→ **Information provided**:
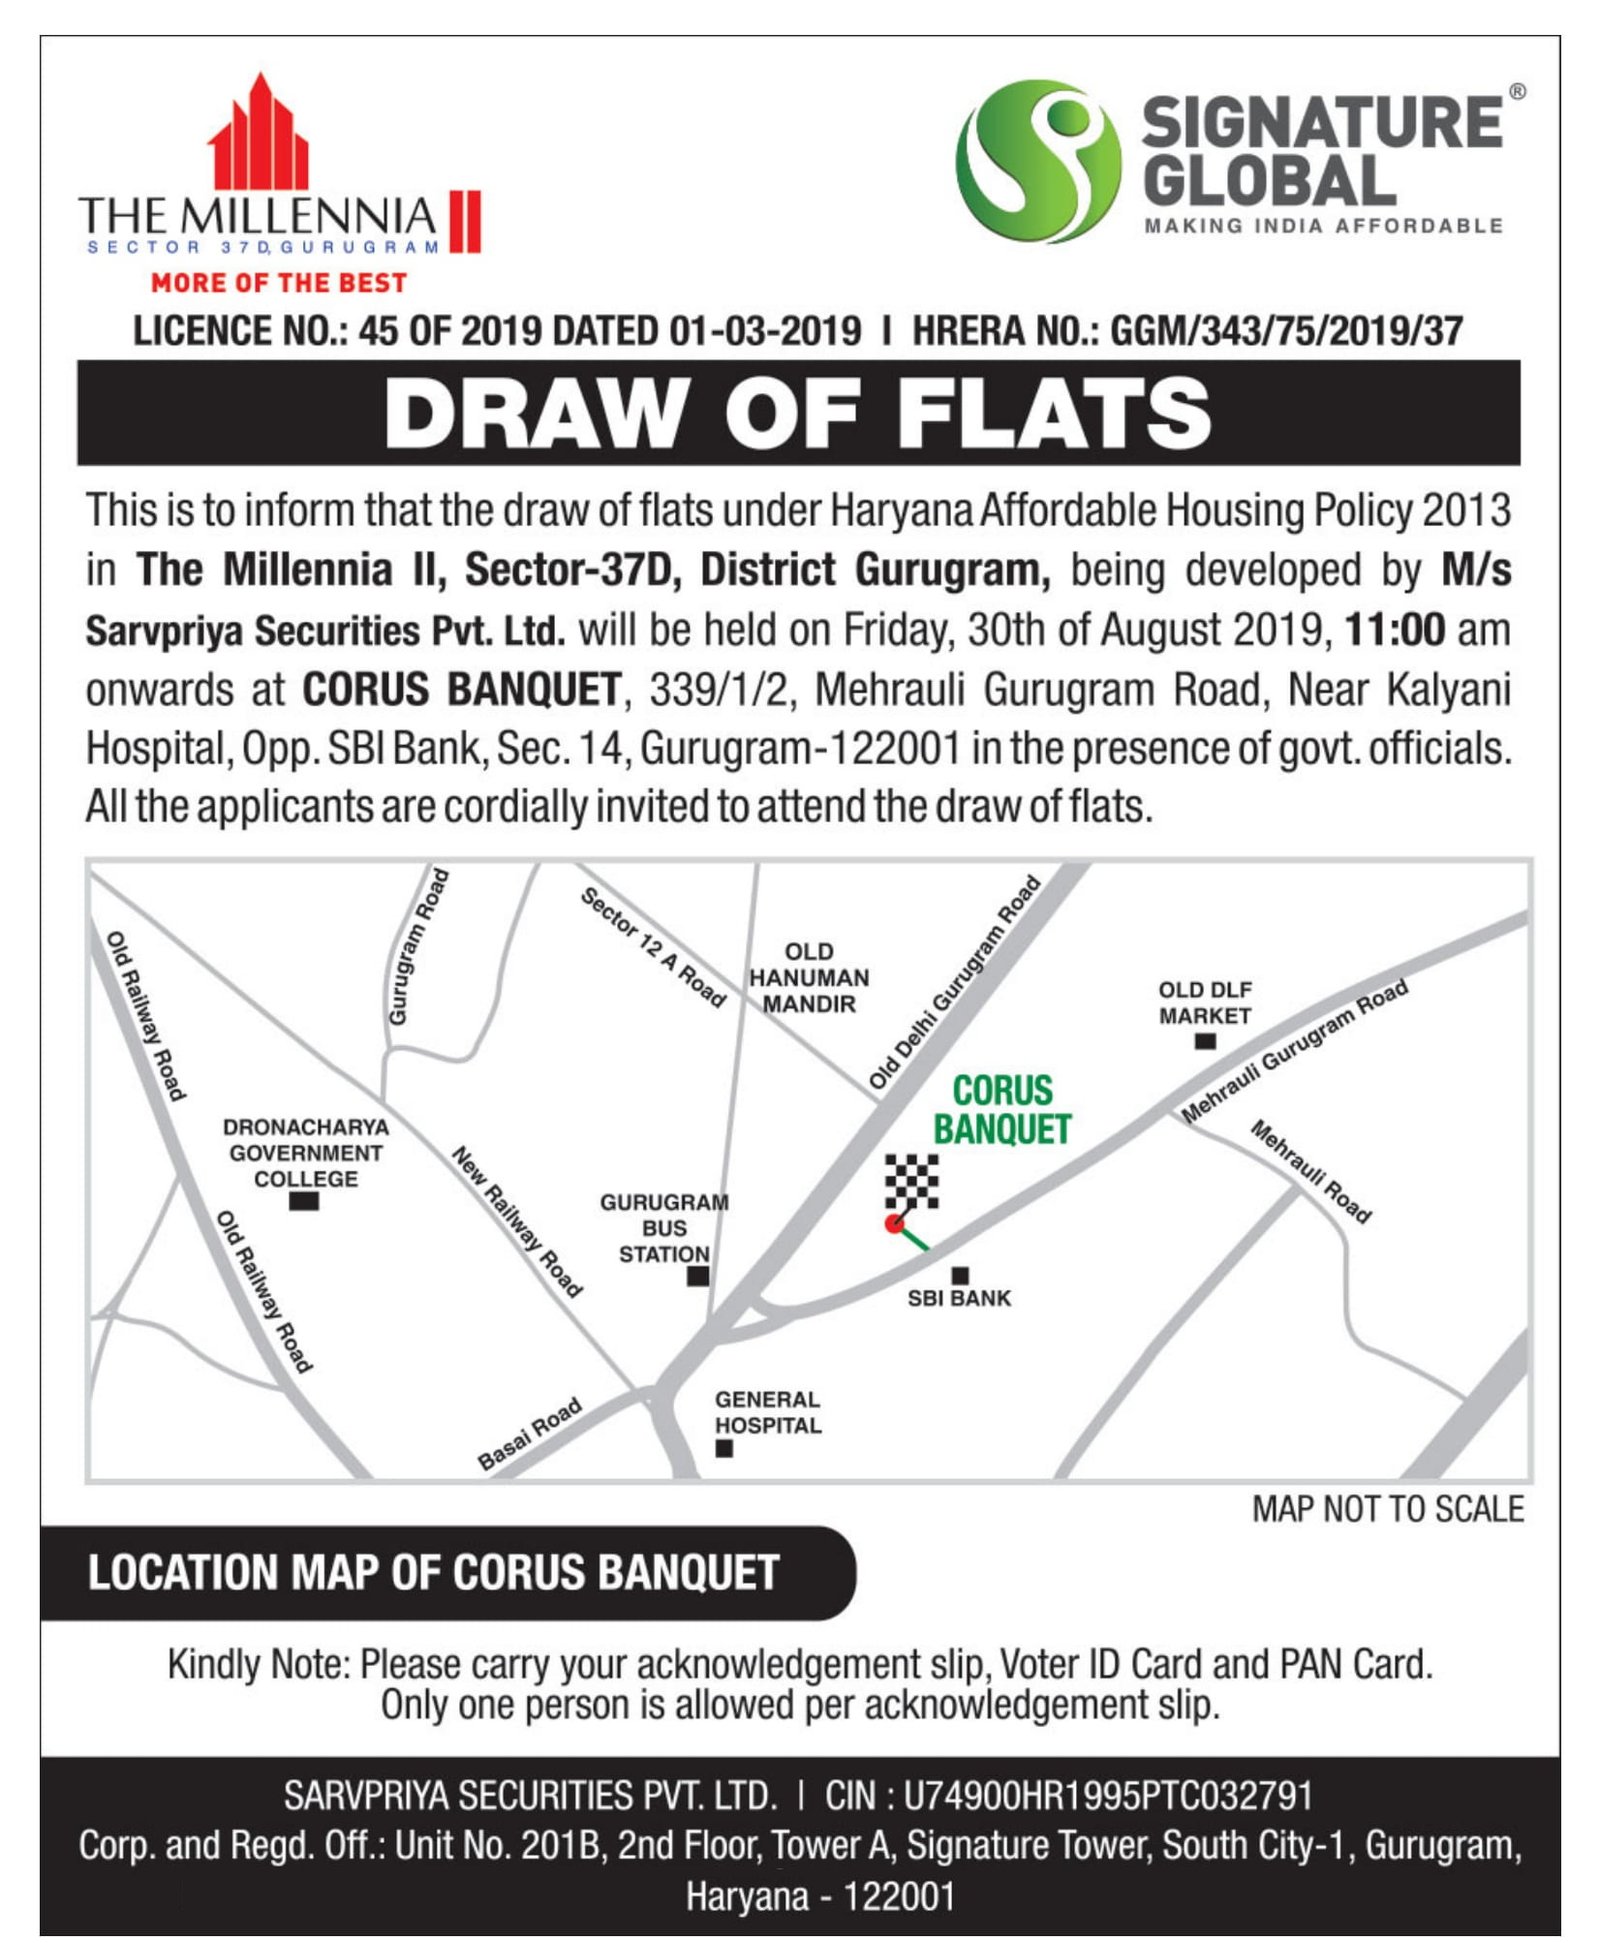 Signature Global The Millennia 2 Sector 37D Gurgaon Draw Date 30th August 2019
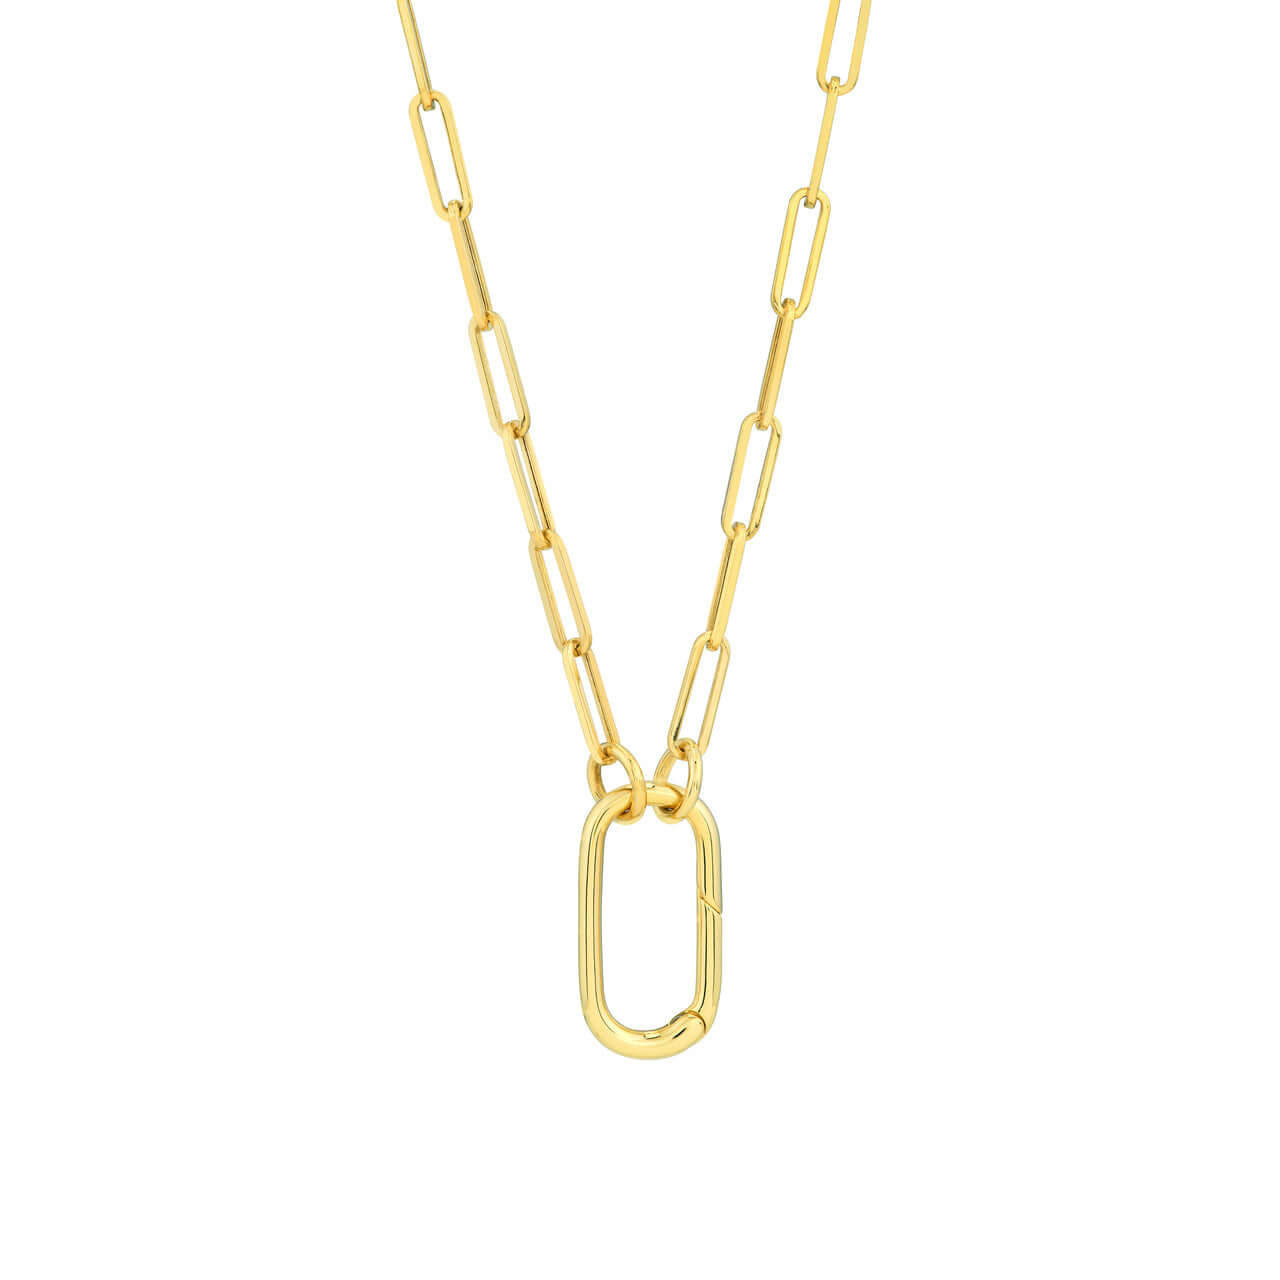 Wide Oval Push Lock Necklace | Lisa Robin
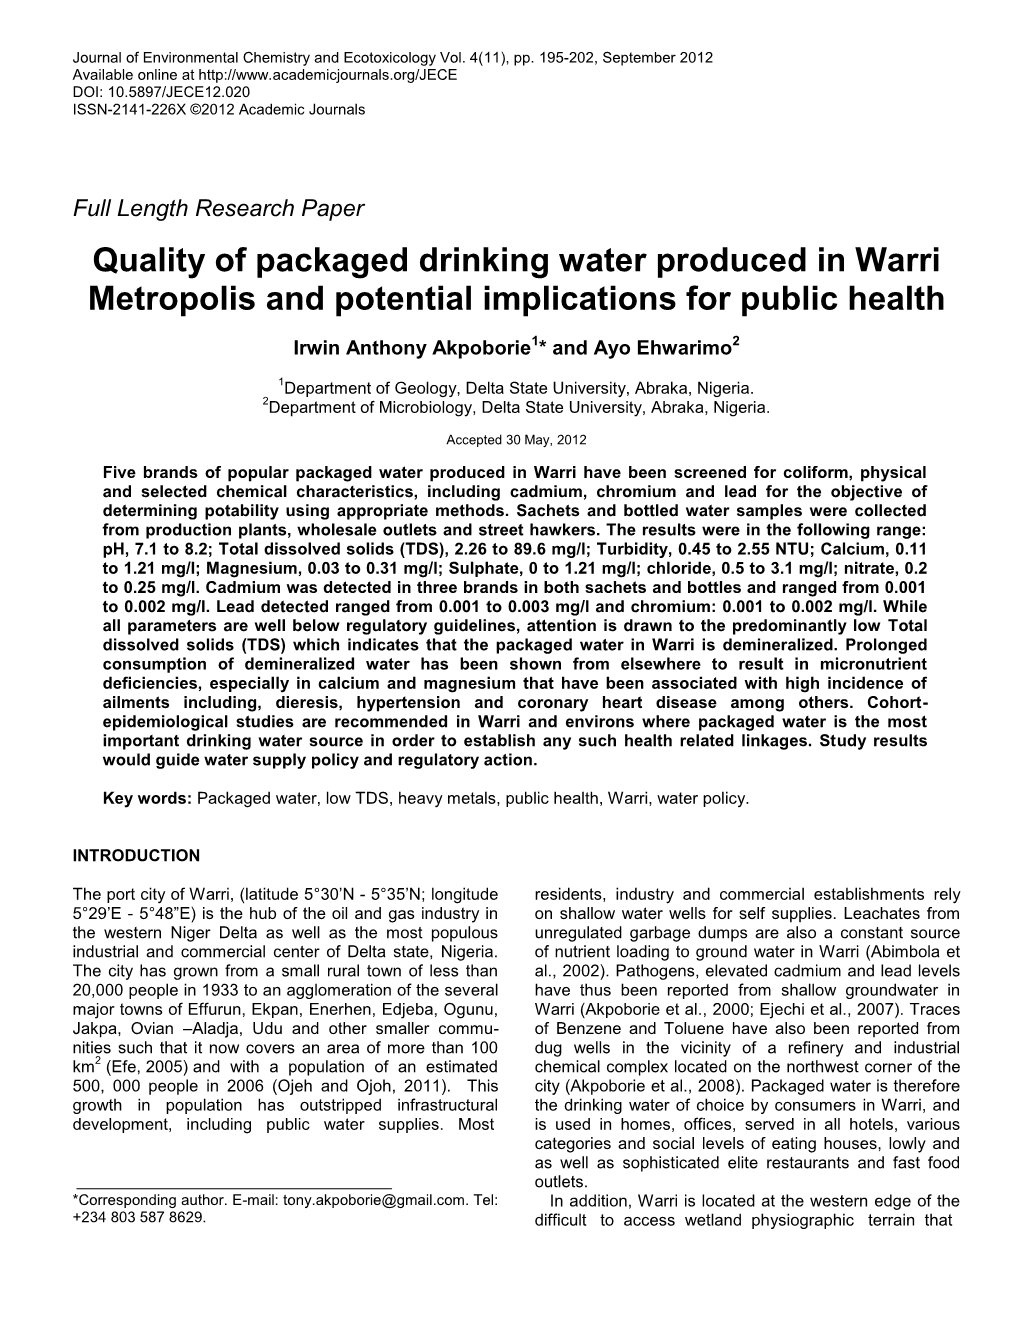 Quality of Packaged Drinking Water Produced in Warri Metropolis and Potential Implications for Public Health
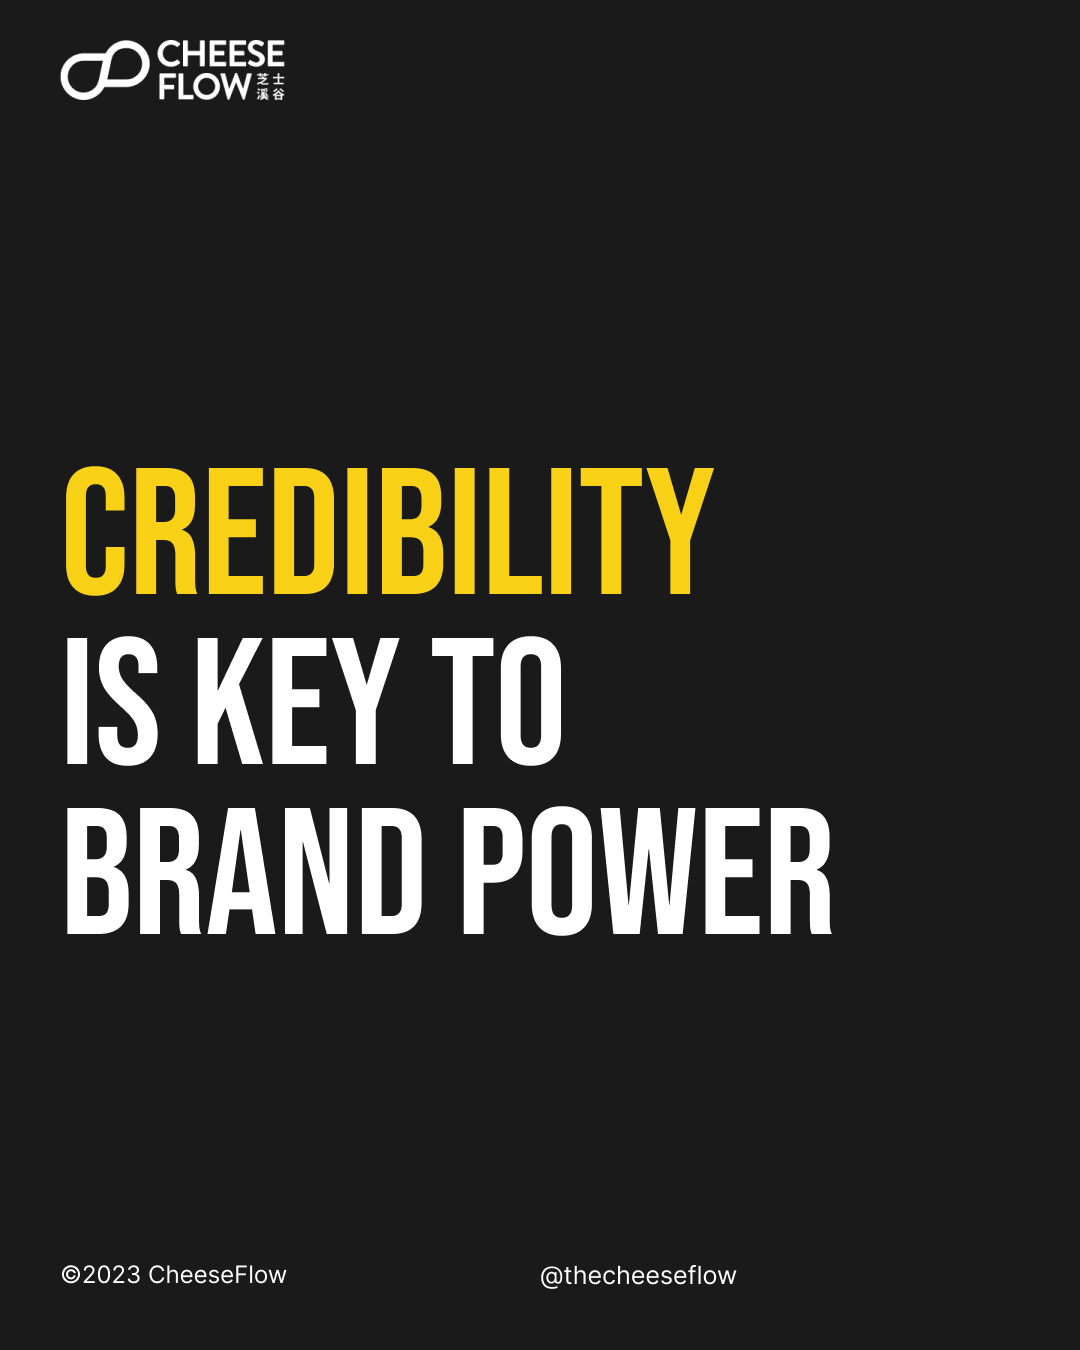 Credibility is key to brand power

→ **Problem**:
Before handing back the copy, remove the pictures; otherwise print the data exactly.

→ **Solution for this exercise**:
 Signature Global The Millennia 2 Sector 37D Gurgaon Draw Date 30th August 2019
 Wide Oval Push Lock Necklace | Lisa Robin
 Quality of Packaged Drinking Water Produced in Warri Metropolis and Potential Implications for Public Health
 Credibility is key to brand power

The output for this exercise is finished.